Ignoring the pictures, copy the data exactly.

((

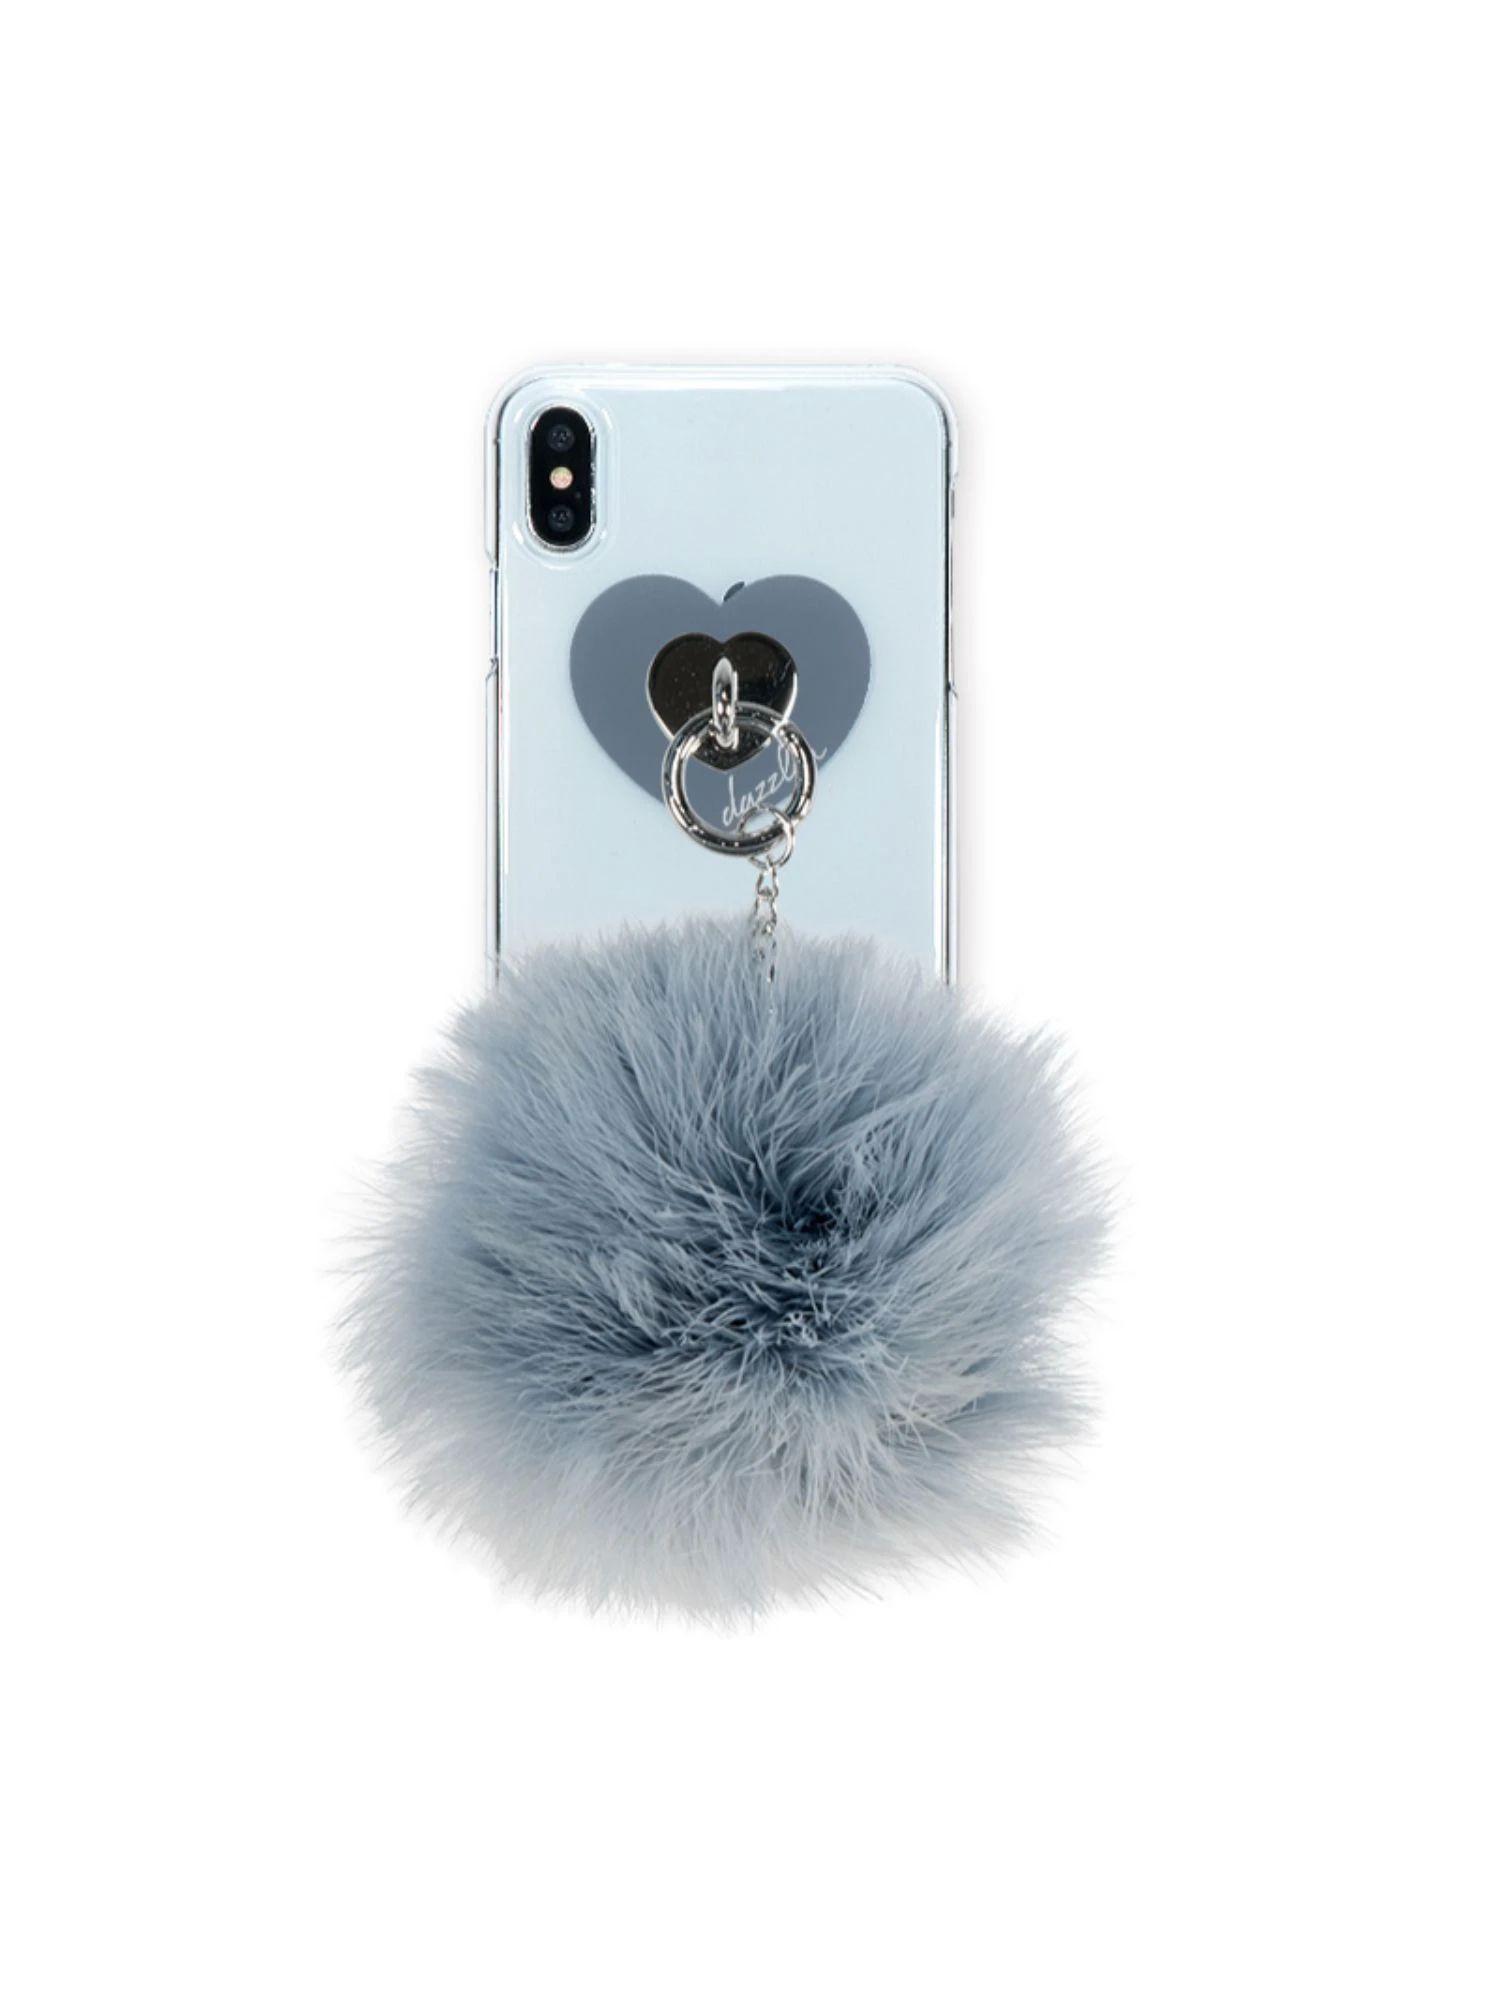 【dazzlin】FUR VINTAGE iphone-XSMAX スマホケース
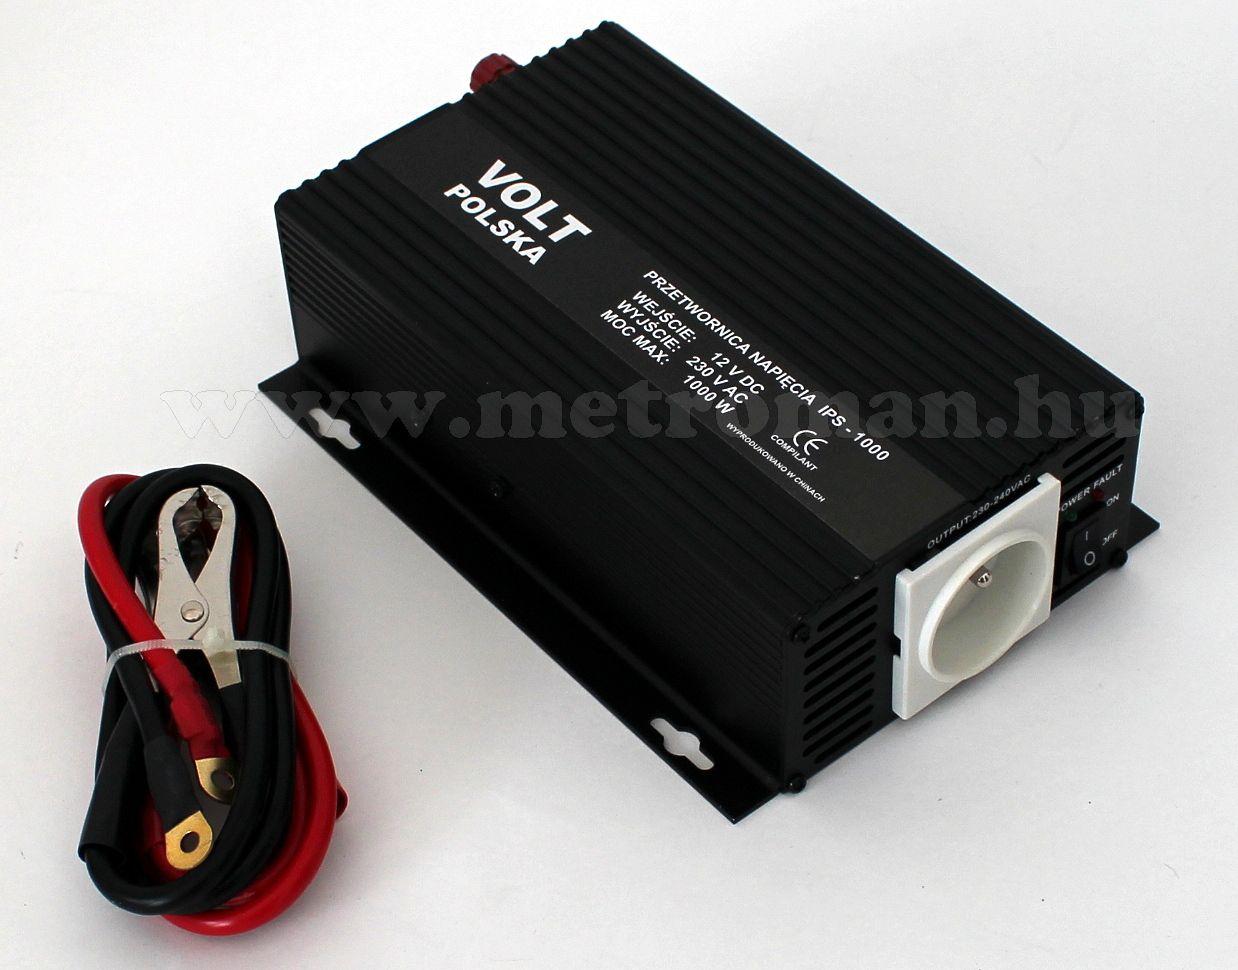 Feszültségátalakító , inverter  , 750 W  24 / 230 Volt,  IPS1000, ( francia csatlakozós )
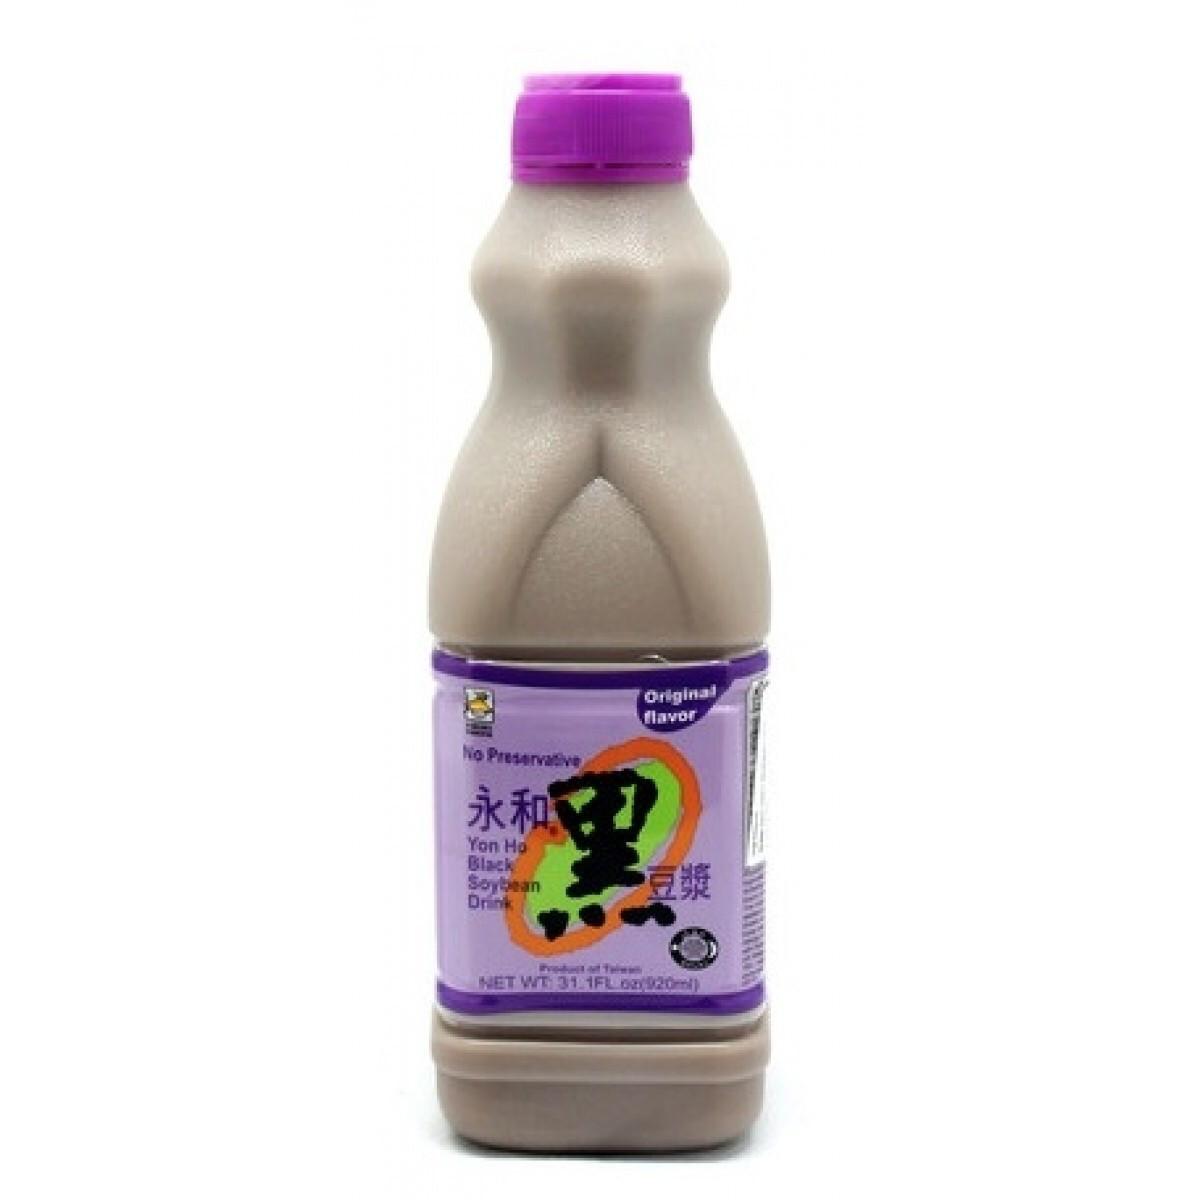 YH Black Soybean Drink 920ml
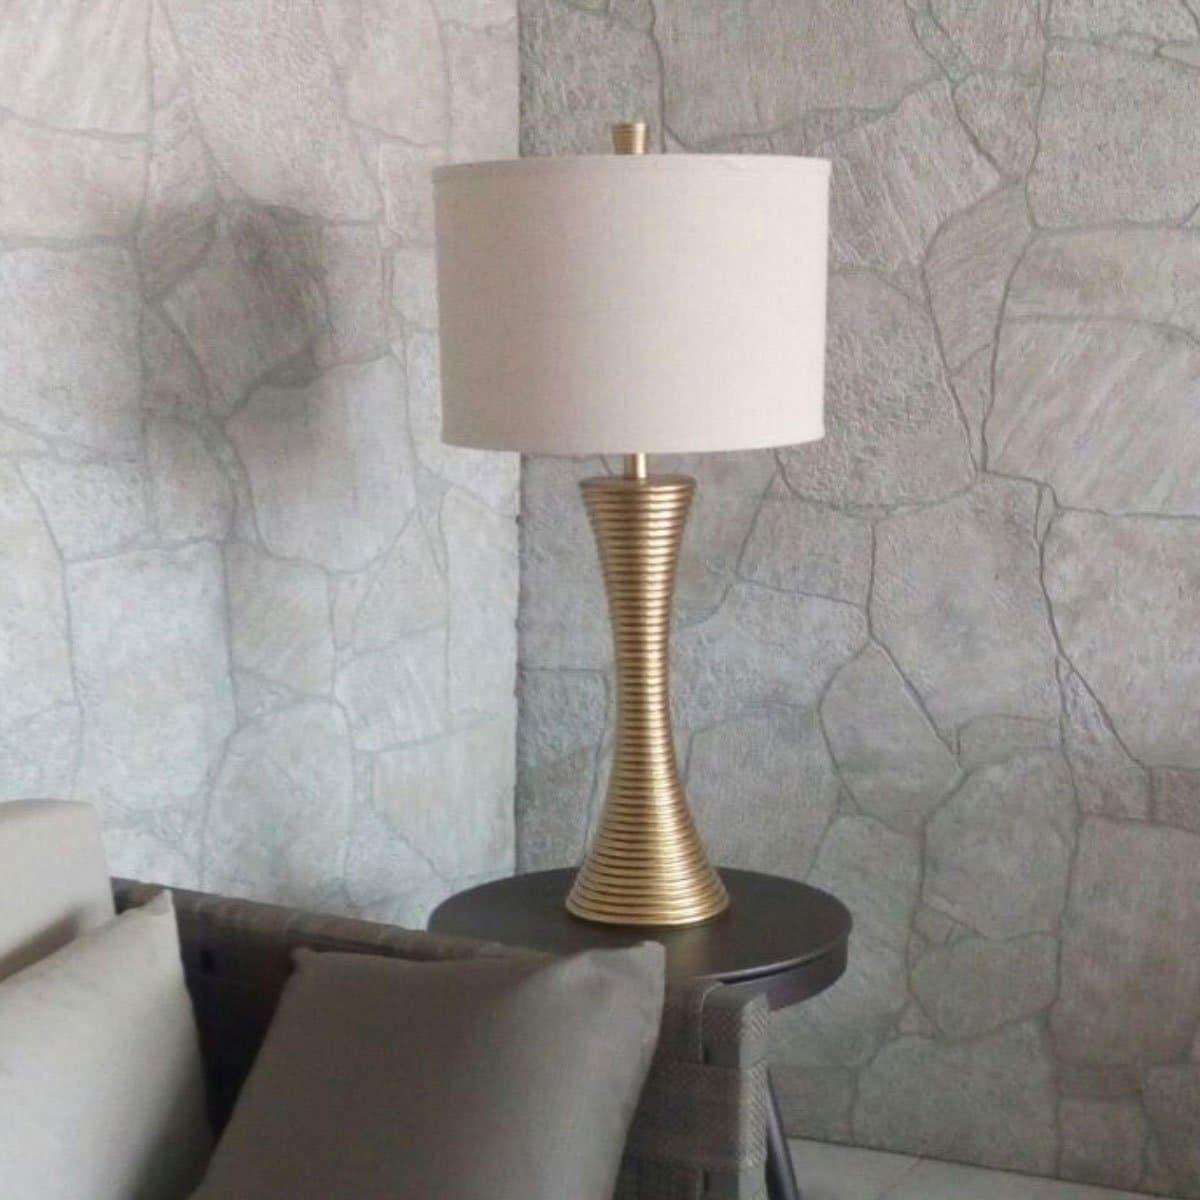 Lámpara Mesa (Alt.79Cm.) 11901 / Vidrio / Estilo Moderno Inter Royal
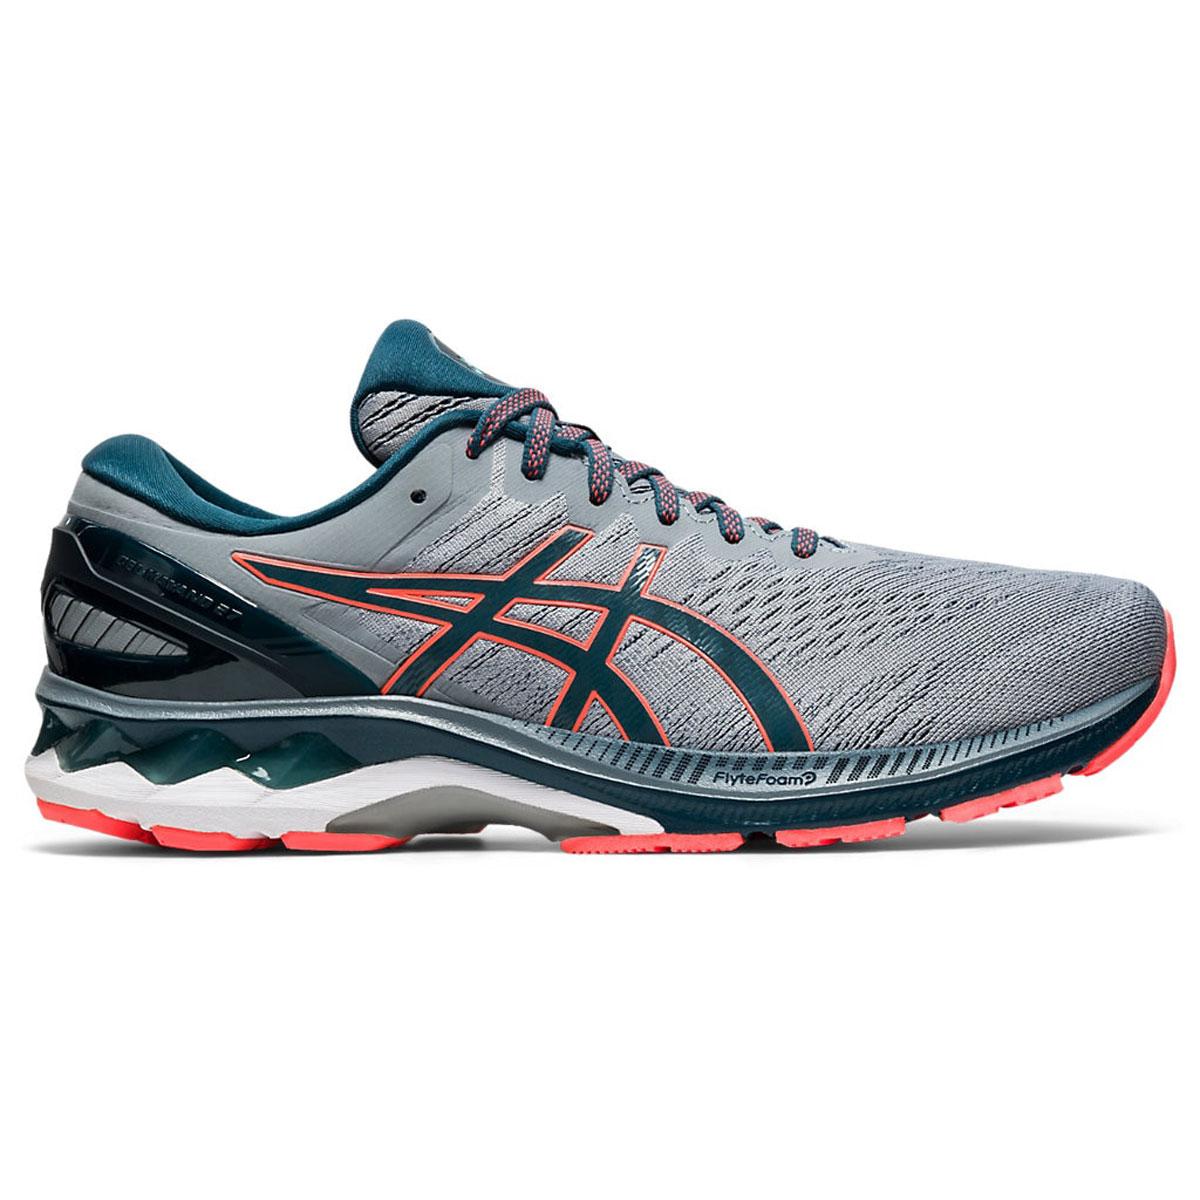 Men's Asics GEL-Kayano 27 Running Shoe (sizes 12, 12.5) $50

))

__OUTPUT FOR THIS EXERCISE__.
 【dazzlin】FUR VINTAGE iphone-XSMAX スマホケース
 Feszültségátalakító , inverter  , 750 W  24 / 230 Volt,  IPS1000, ( francia csatlakozós )
 YH Black Soybean Drink 920ml
 Lámpara Mesa (Alt.79Cm.) 11901 / Vidrio / Estilo Moderno Inter Royal
 Men's Asics GEL-Kayano 27 Running Shoe (sizes 12, 12.5) $50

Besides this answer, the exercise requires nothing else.